Both these projects have been under development by RWE since the mid-2000s and formed a vital part of the UK's plan to generate 25% of its total electricity needs by 2020. A cornerstone of the UK's future electricity supply strategy appears to be crumbling.

But for RWE, the moves are part of a repositioning to deal with problems that include drastically reduced earnings due to ongoing low wholesale electricity prices at a time when the company struggles with massive EUR 30 billion in debts.

In the UK, RWE's conventional generating division made a EUR 69 million operating loss in the first nine months of 2013, compared with a EUR 162 million profit in the equivalent 2012 period. And the market is not getting any easier. "Profits are not an entitlement, they should be earned by companies competing keenly to offer consumers the lowest prices and the best service," said Andrew Wright, chief executive of UK power regulator Ofgem, in early January.

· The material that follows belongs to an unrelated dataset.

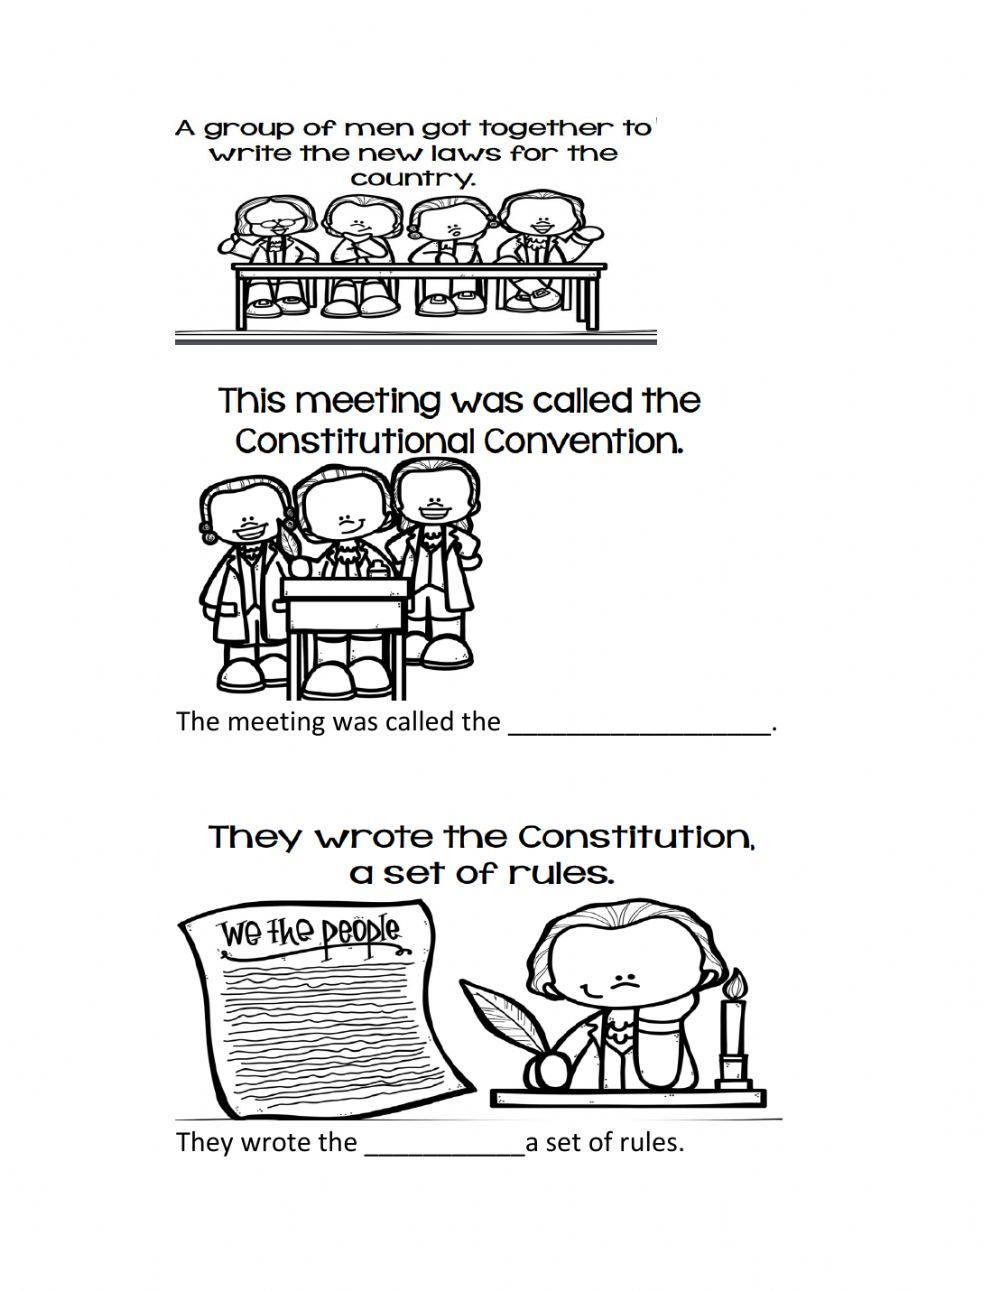 The constitution

RWE's move towards a more cautious approach on offshore wind follows the sunk investments in Atlantic Array, which the company declined to disclose for being commercially sensitive but are believed to be around EUR 15.6 million. Meanwhile, Triton Knoll was downsized to 600-900MW in January from 1,200MW.

Troubles at home

Proving it is not just RWE's UK plans that have been hit, there has been an EUR 260 million impairment loss on its German offshore project Nordsee One in 2013. The utility also plans to divest its offshore wind installation vessels Victoria Mathias and Friedrich Ernestine, it announced in mid-September 2013.

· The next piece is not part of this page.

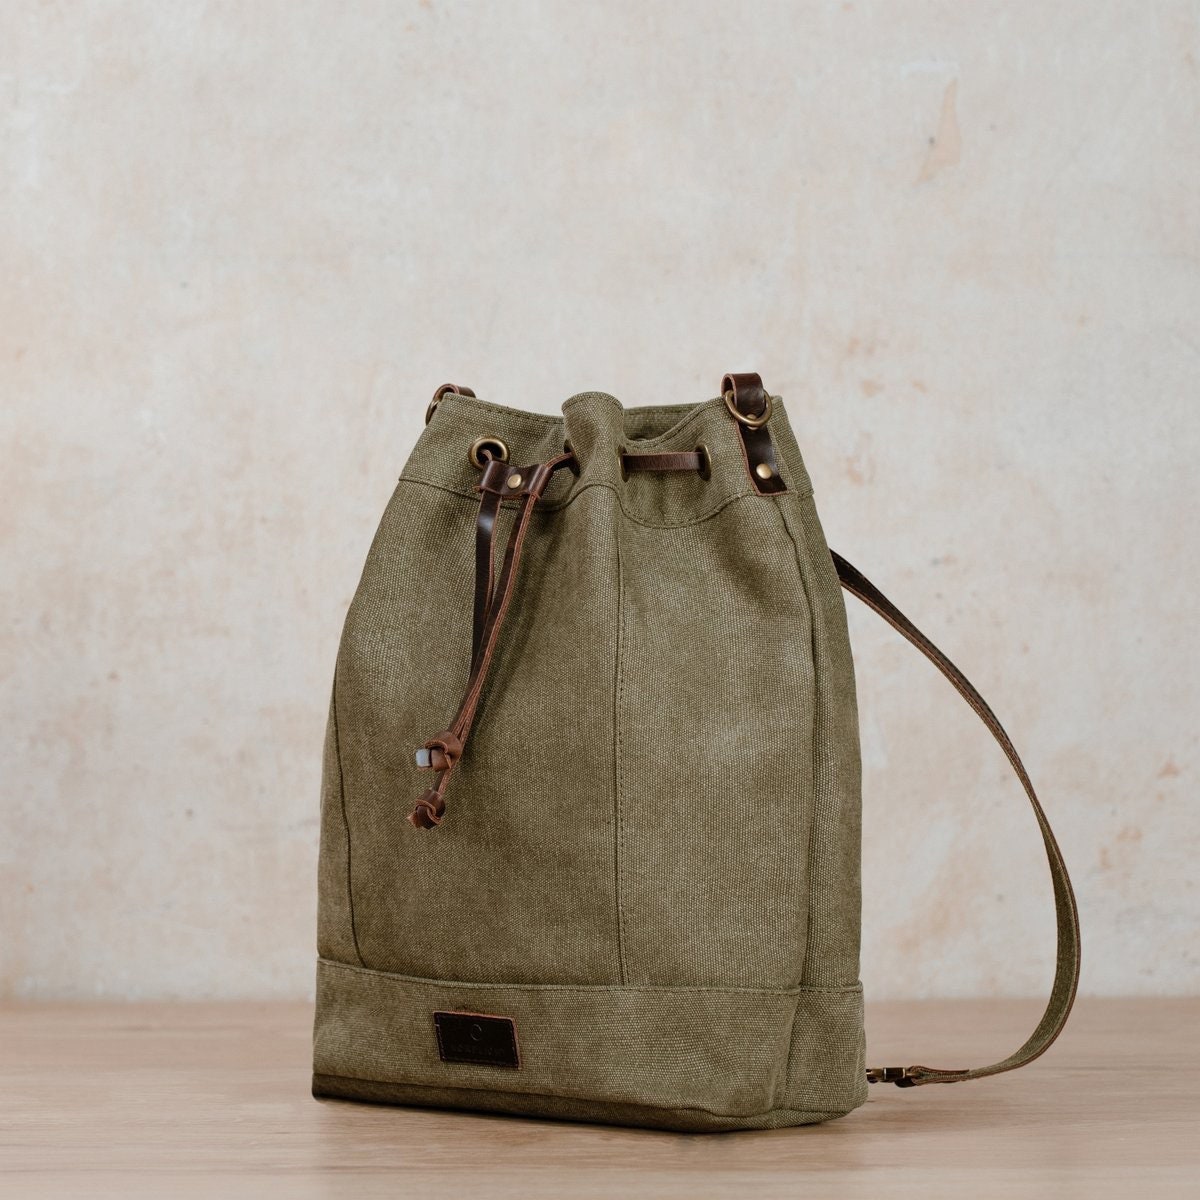 NORDLICHT Beuteltasche JANNA Tasche aus Segeltuch 2 in 1 Rucksack und Umhängetasche grün

The company has also announced sharply reduced overall renewables investment. A July 2013 company presentation heralded EUR 2 billion investment by RWE over the period 2013-2015, but this had dropped to just EUR 1 billion renewables investment over the period 2014-2016 in a January 2014 presentation.

It is believed most of this money will go towards the development of two offshore projects, Nordsee Ost in Germany and Gwynt n Mor in the UK, by 2015. The RWE Innogy presentation on 15 January said RWE has an onshore pipeline of 700MW. The final investment decision is due in the period 2014-2016 for 380MW in the UK, 130MW in Germany, 100MW in the Netherlands and 80MW in Poland. Actual installation could thus take place after 2016.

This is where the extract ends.